The hospitality sector could perhaps top the list of sectors affected by the pandemic. The revenue and profits destruction in the sector is irreparable, and the hotel companies are now trying to find new ways to control their costs, and look out for inefficiencies. Take Lemon Tree Hotels, for instance, which has about 5 per cent market share in the branded hotels segment. The hotel chain had a revenue projection of Rs 1,200 crore for FY21, but due to lower demand, and weak room rates, the company is expecting to clock just Rs 400 crore.
"Our occupancy today on full operations inventory is 50 per cent. Normally, Lemon Tree does 80 per cent. So it is 40 per cent down, but prices are about 40 per cent down too. On a combined basis, our revenue is 36 per cent on room basis of what it should be," says Patu Keswani, Chairman and Managing Director at Lemon Tree Hotels at a Business Today panel discussion recently.
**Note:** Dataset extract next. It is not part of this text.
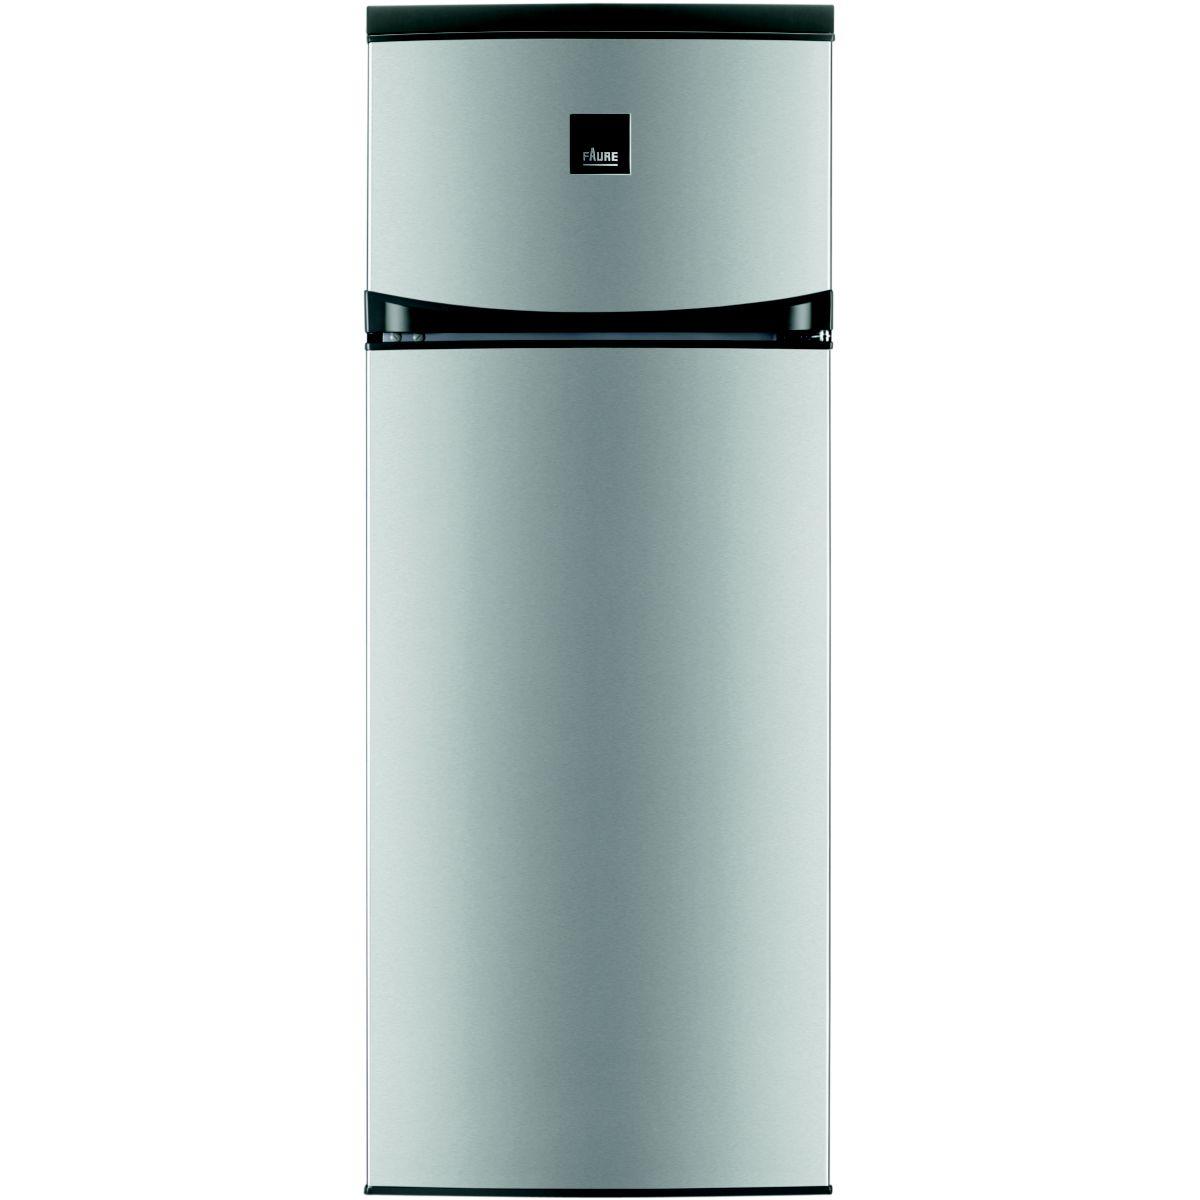 Réfrigérateur 2 Portes FAURE FRT23101XA (photo)

Keswani also says that the hotel chain's staff-to-room ratio was one. It had 8,000 rooms, and about 8,000 staff broadly. Post-COVID, the company realised that it can operate at a staff-to-room ratio of 0.7 which means that 30 per cent of the staff is excess in the system. Though the company is not laying off people because of that, it has a bunch of hotels opening up in the next two years (about 20), and so it would not need to hire new staff for those hotels.
"The productivity improvement is a part of them (staff) because people are multi-skilling. The culture-building of multi-tasking is going to play an enormous role for us going forward," says Keswani.
Just like the entire hospitality sector, the initial few days after lockdown were highly uncertain. Shortly after the lockdown, Keswani says, his company started thinking of steps that it would take for different levels of revenue destruction. Then, the other issue was debt. Unlike most large hotel companies like Marriott, Hilton or Hyatt, 70 per cent of the Lemon Tree Hotels are owned by the company, so it has a large amount of debt on books.
The first thing it did was to rationalise the fixed costs. Nearly 800 people at the senior level (or 10 per cent of the workforce) were asked to take pay cuts. Why? Their salaries were about 45 per cent of the total company payroll. Within these 800 people, the salary cuts were in the range of 50-200 per cent. This brought down the wage bill significantly.
The other thing that the hotel chain did was to postpone the renovation of its hotels. For instance, it usually renovates all hotels once in six years. Last year was taken as a gap year where none of the hotels were renovated. "We kept the low-demand hotels in a form of coma. In a 100-room hotel, we kept 20 rooms open, and ran them at lowest-possible cost. What I found, and I am sure every company found this, that there is an enormous flab that builds into the system over time, especially if you are starting to do well. We identified as much as we could. Now we have 100 per cent inventory open," says Keswani.